**SOURCE DATA**
————

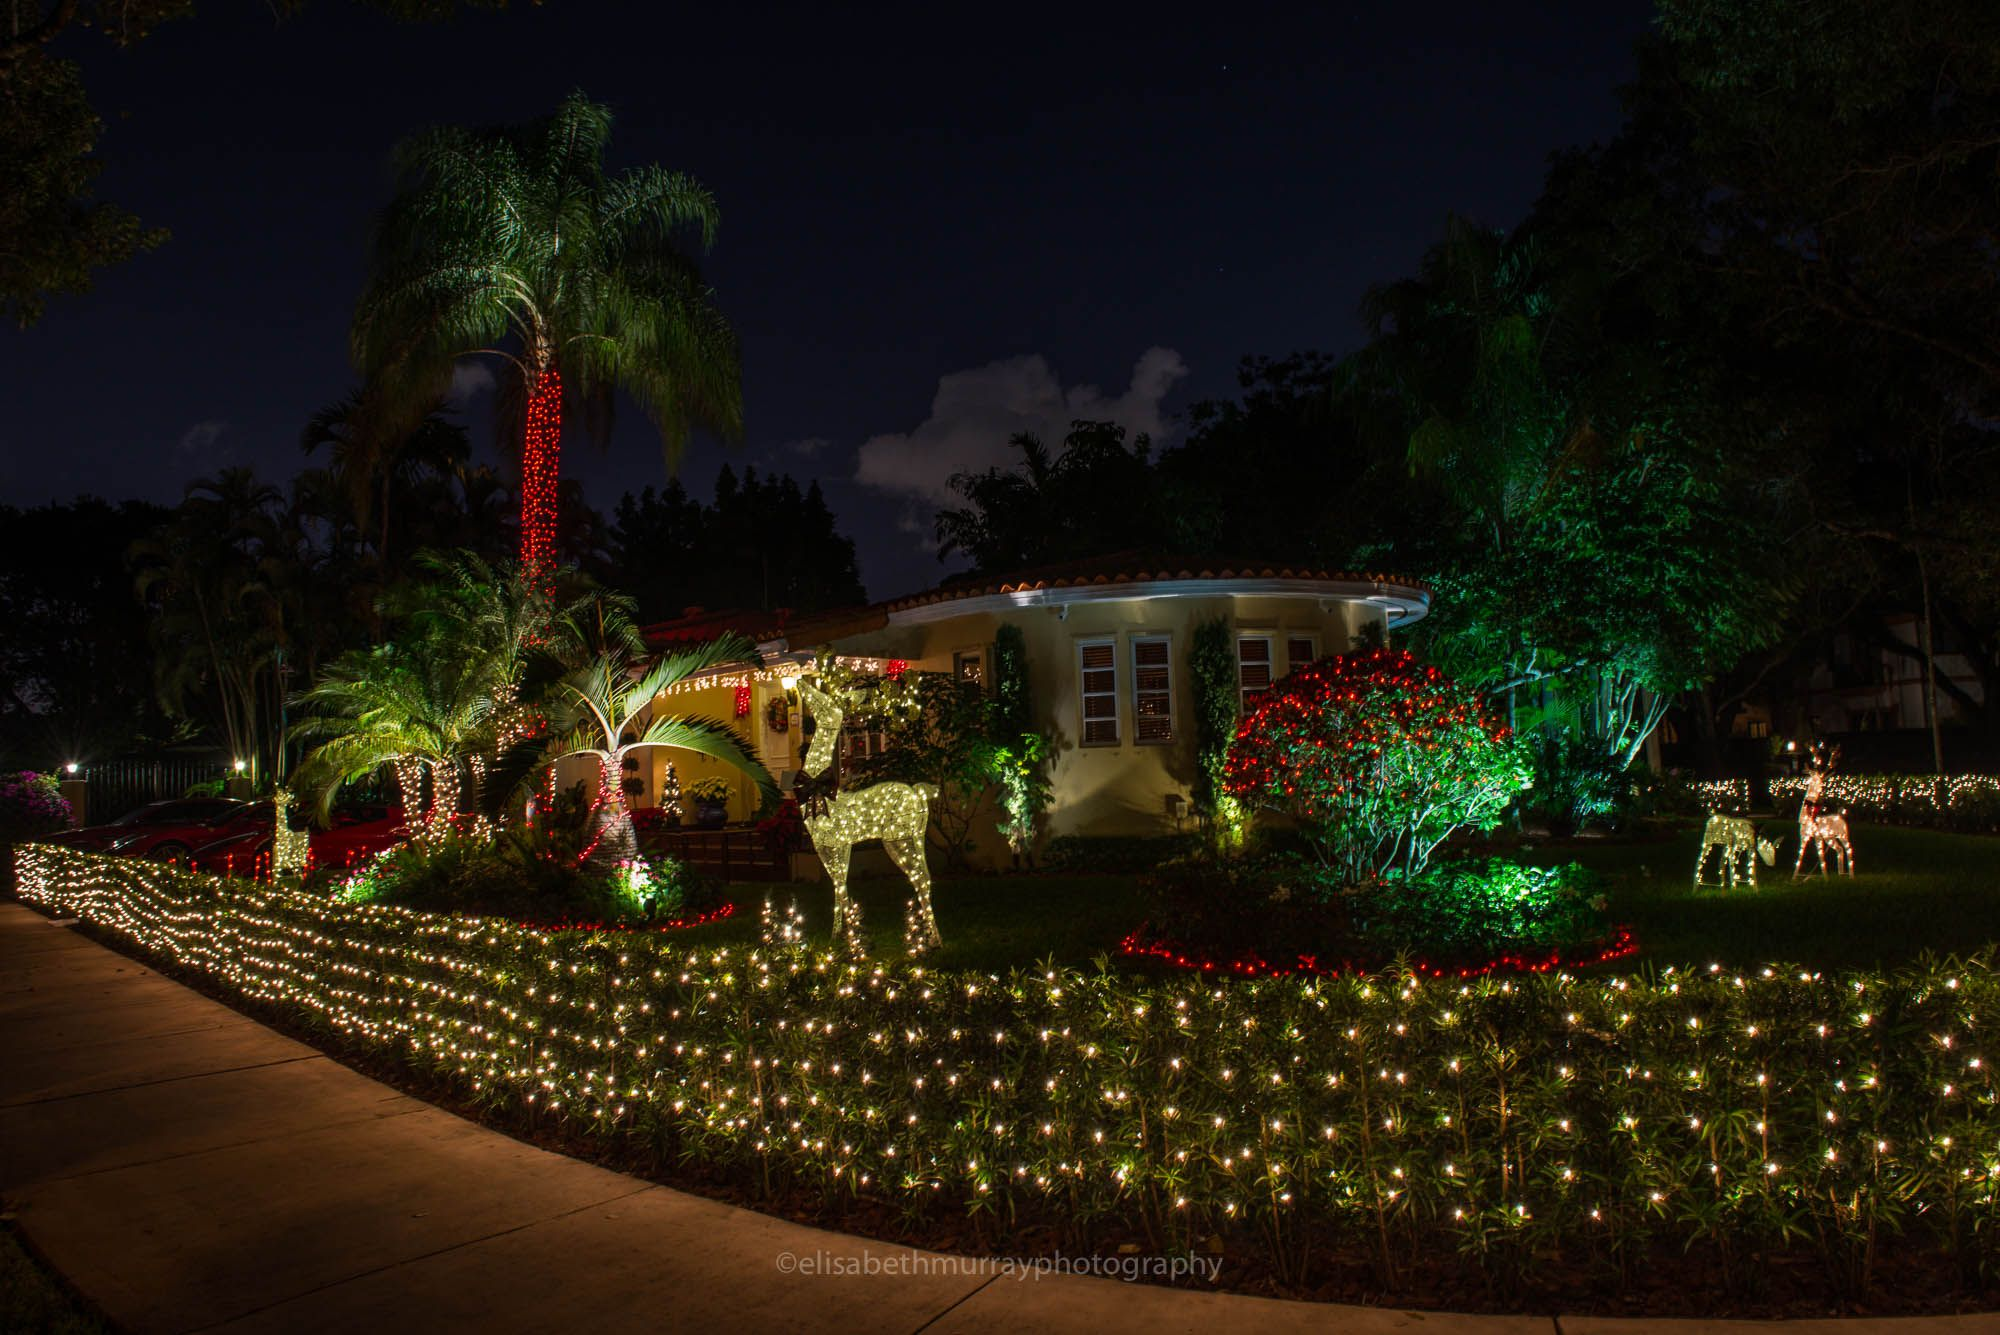 Coral Gables Garden City By Elisabeth Murray
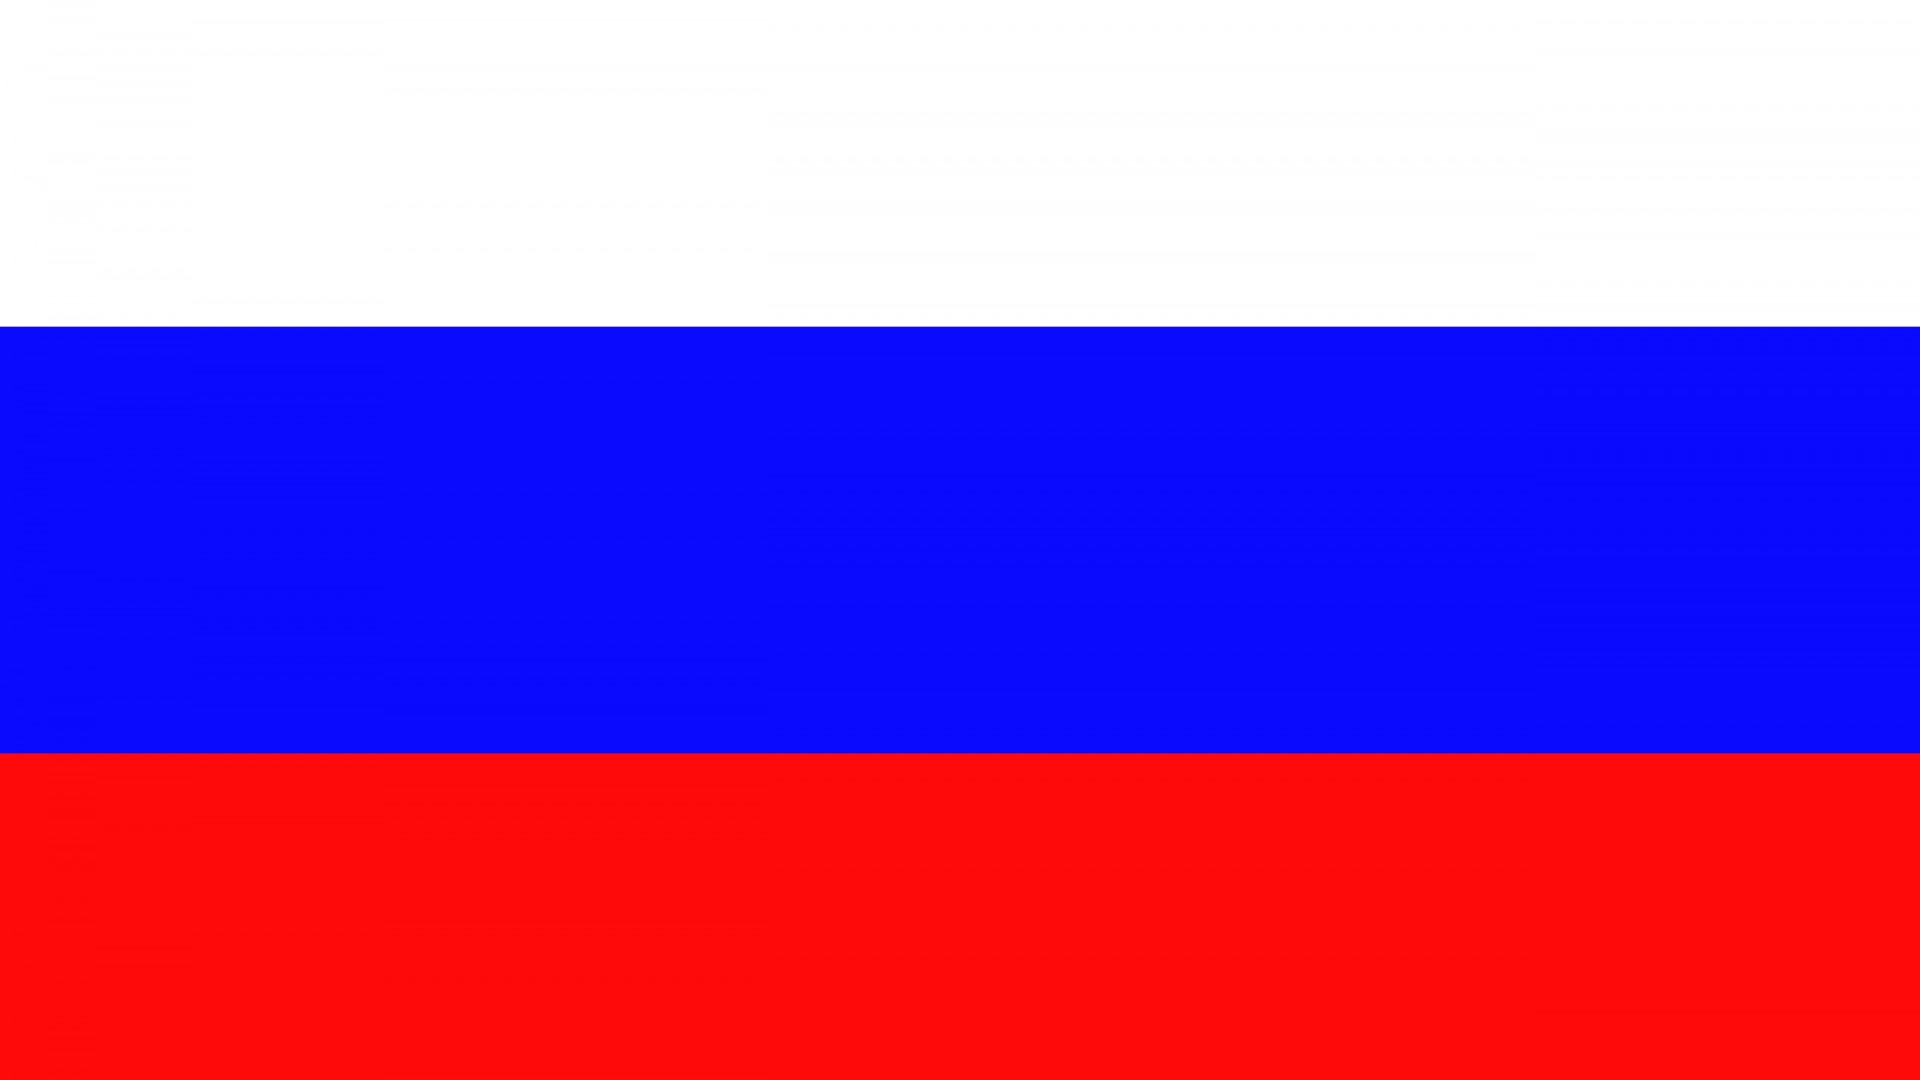 47 russian flag wallpaper background on wallpapersafari
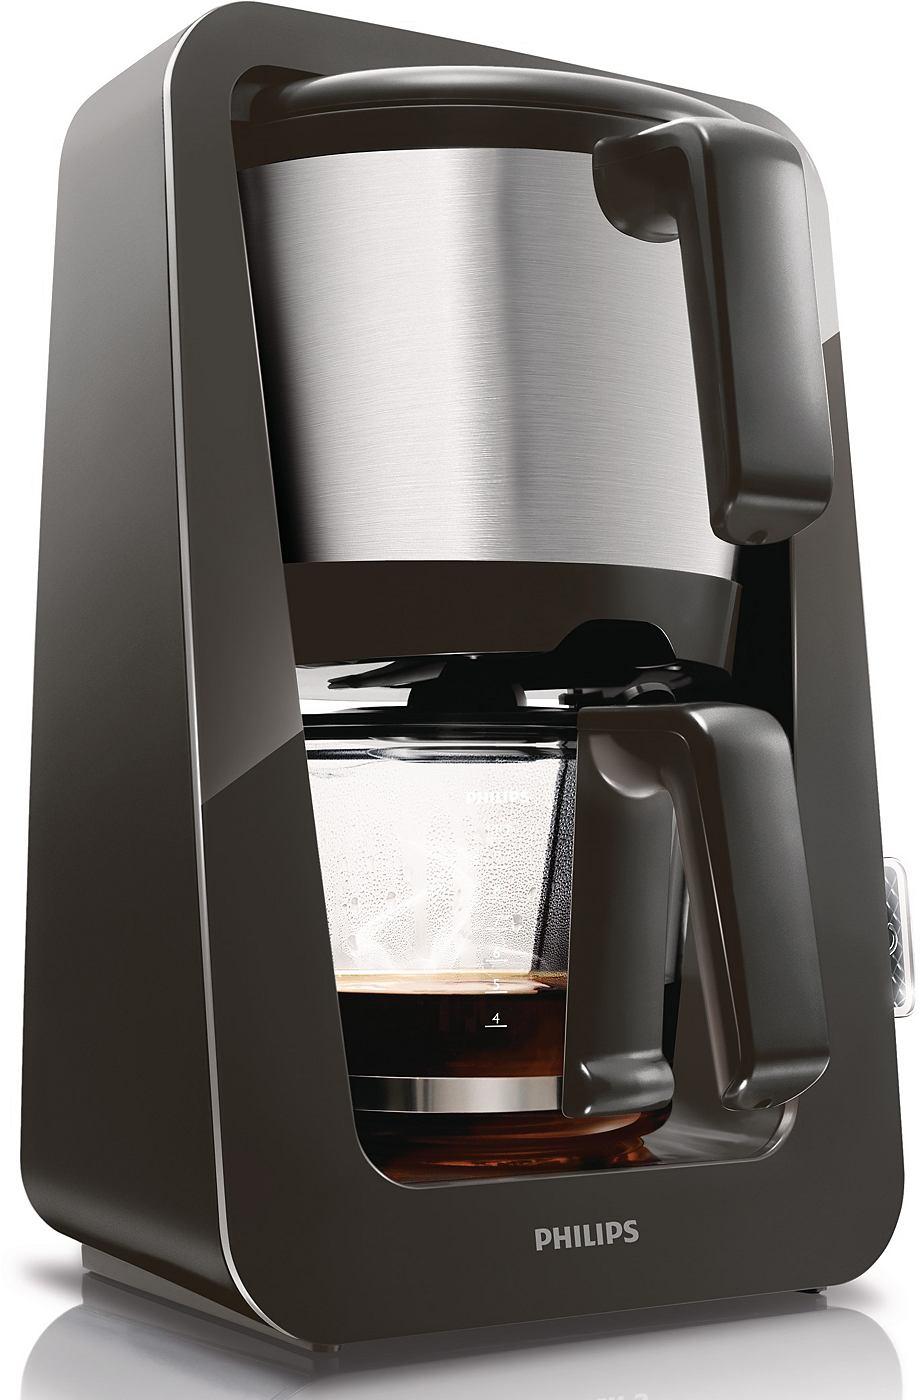 Philips Filterkaffeemaschine Avance HD7688/20

————

**TASK GOAL**
Make an exact copy of the listing, with no images in it.

**TASK SOLUTION**
 Coral Gables Garden City By Elisabeth Murray
 47 russian flag wallpaper background on wallpapersafari
 Philips Filterkaffeemaschine Avance HD7688/20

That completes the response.